I will not bait other Christians into arguments in which I am not open to learning.

I will not imagine that the way I read and understand the Bible is 100% right.

I will not forget who the enemy is.

There was recently a large scale flip out on Twitter by two influential leaders of the two different parties of American Christianity. (The two parties as I see them? Holiness vs Charity. That is really simplified, but it is the basis.) One leader tweeted something really inflammatory and the other leader came unglued. I mean f-bomb dropping, calling the guy a racist unglued. It wasn't pretty. But the lines were drawn and people started picking whose side they were on. But here's the thing:

When it's all over, all Jesus cares about is if you were on his side.

He's not going to ask about the great  twitter debate of January 2013. Or even about how you approached the gun control issue. He is going to care whether you turned to the cross, gave your weakness and sin to God there, and followed Jesus.
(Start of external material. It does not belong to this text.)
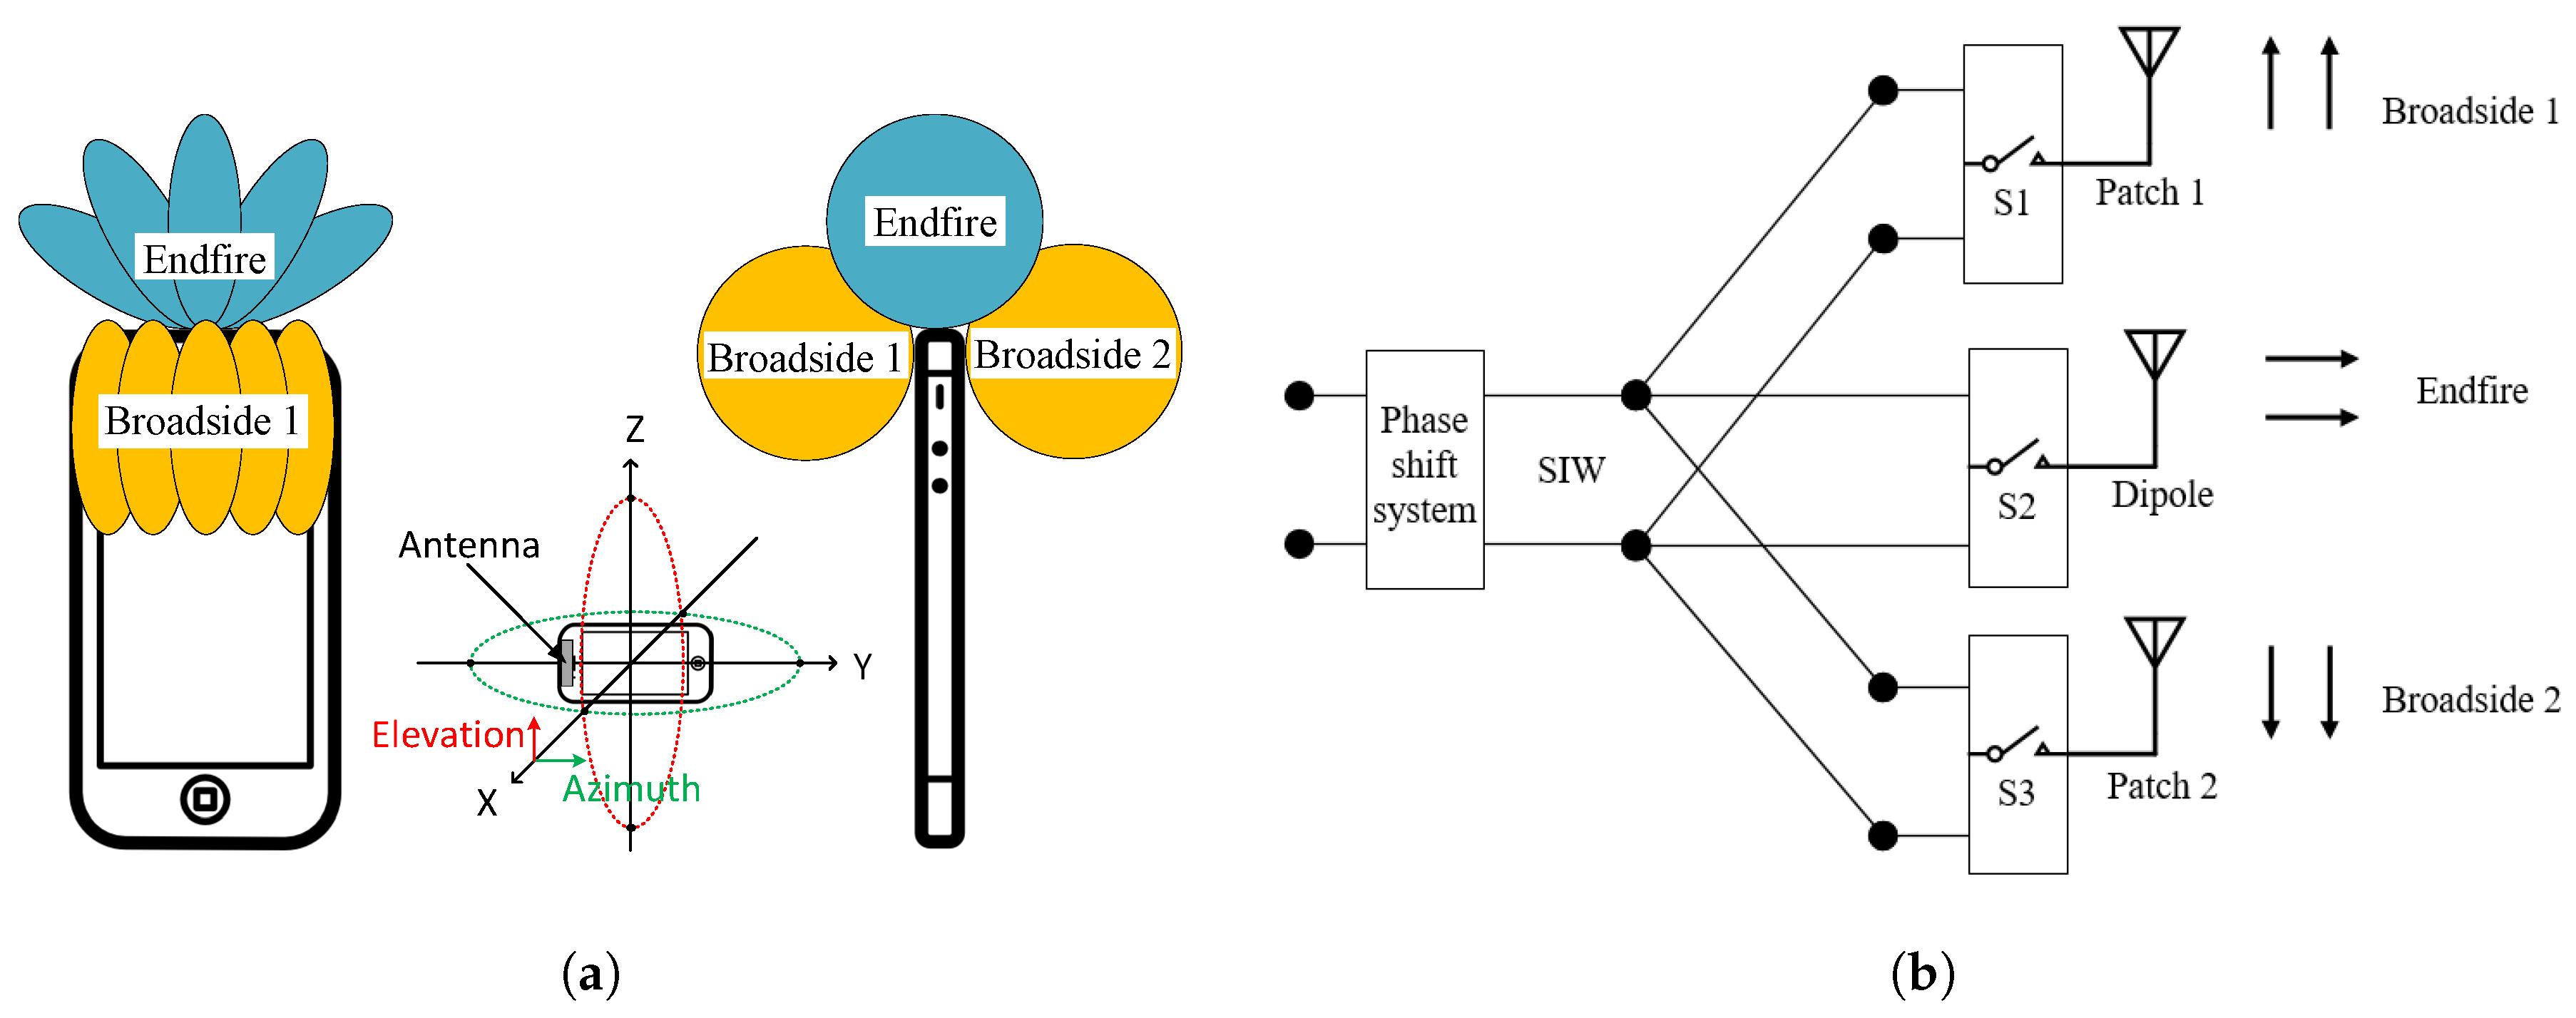 phased array - Ataum berglauf-verband com
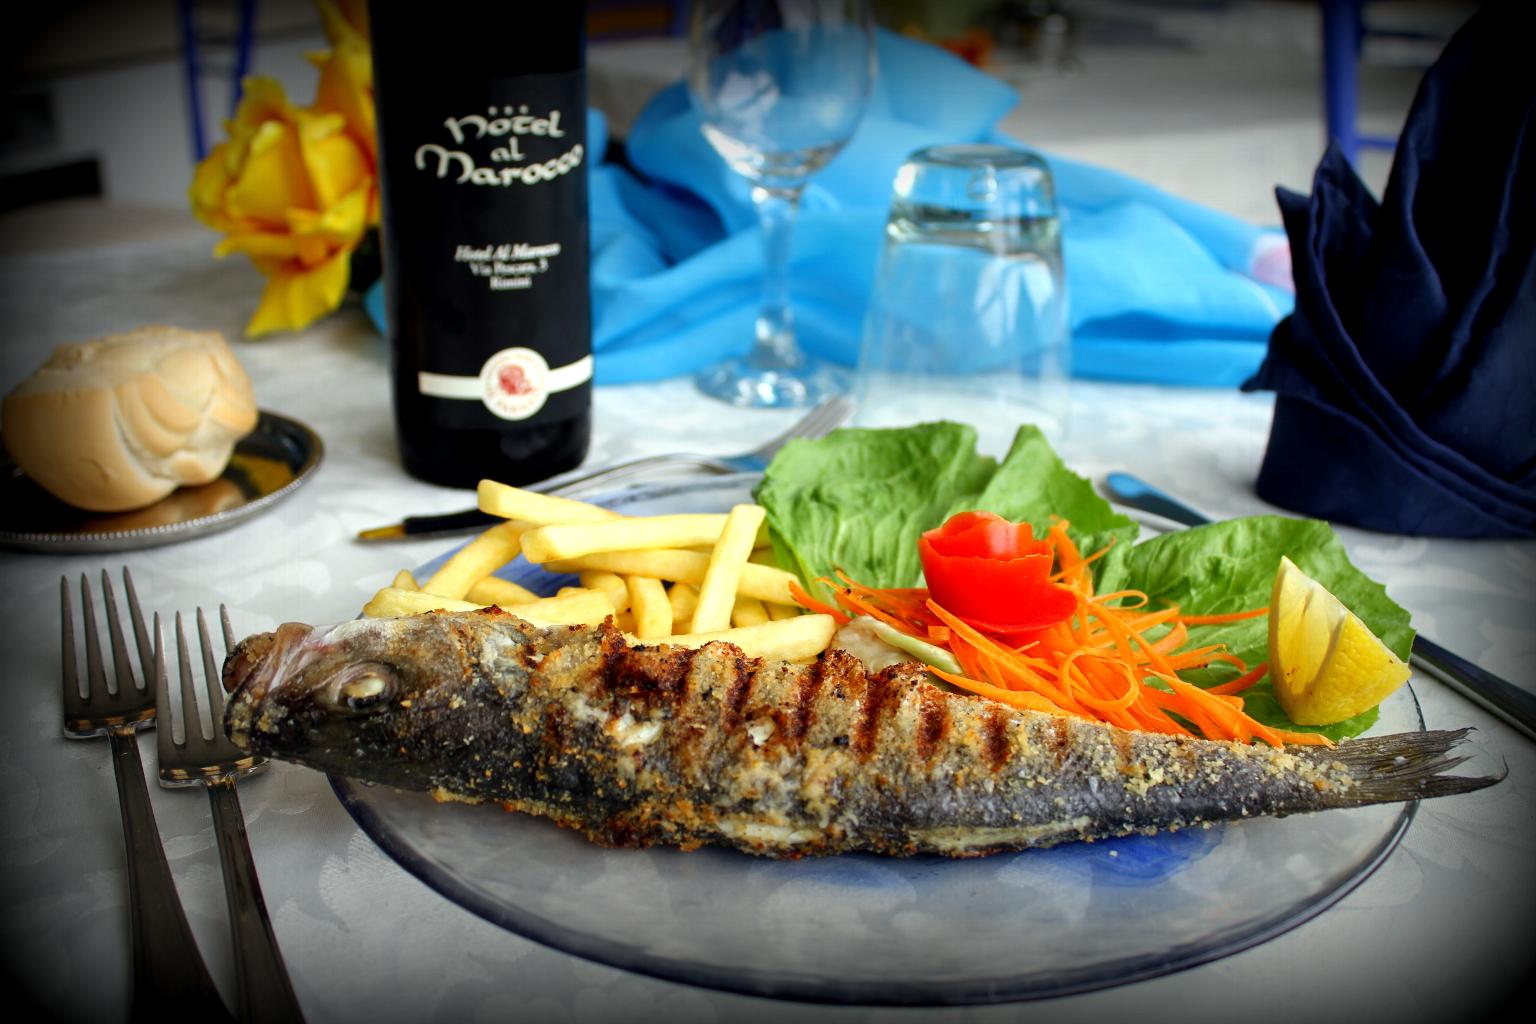 Ordyten piastrelle cucina rettangolari vendita cucine - Progetta cucina ikea ...

So, what do we do? I have a few thoughts.
1. Quit making our position into God's position. It may allow you to enter into some conversations with a lot more humility. For example: A deeply held belief of mine is that Jesus teaches us the way of non-violence and peace. Many Christians, including most of my friends from the 1st 30 years of my life, don't agree with me. So I enter those conversations remembering that my mind has changed during my life, so at some point, in some way, I have been or am wrong. That's humbling.
2. Quit trying to win Christians to your part of the body of Christ. If you and your church are a hand, quit trying to convince the knees to become hands. The church will be worse off if you succeed. We need knees AND hands. They do different things!
3. Find someone that doesn't know Jesus and introduce them to each other. Make this something you do regularly. Other things will seem less important to argue if you are busy celebrating new life in Jesus.
4. Find places and ways to have open, honest, loving conversations about your differences.
5. Realize who the fight is actually against. It's not other Christians. It's not the government. It's not the homophobes or the gay agenda pushers. It's not the NRA or Anti-gun lobbyists. It's not Al-Qaeda. It's not our national debt. Remember what the Bible says in Ephesians 6:12:
For our struggle is not against flesh and blood, but against the rulers, against the authorities,against the powers of this dark world and against the spiritual forces of evil in the heavenly realms.
Take the fight against Satan and the powers. Quit fighting with other people who are trying to follow Jesus.

1 comment:

Jason Rietmann said...

This is a good message, my friend. It can be hard to keep "that which matters most" in it's place... This is our relationship with God, and our relationship with each other.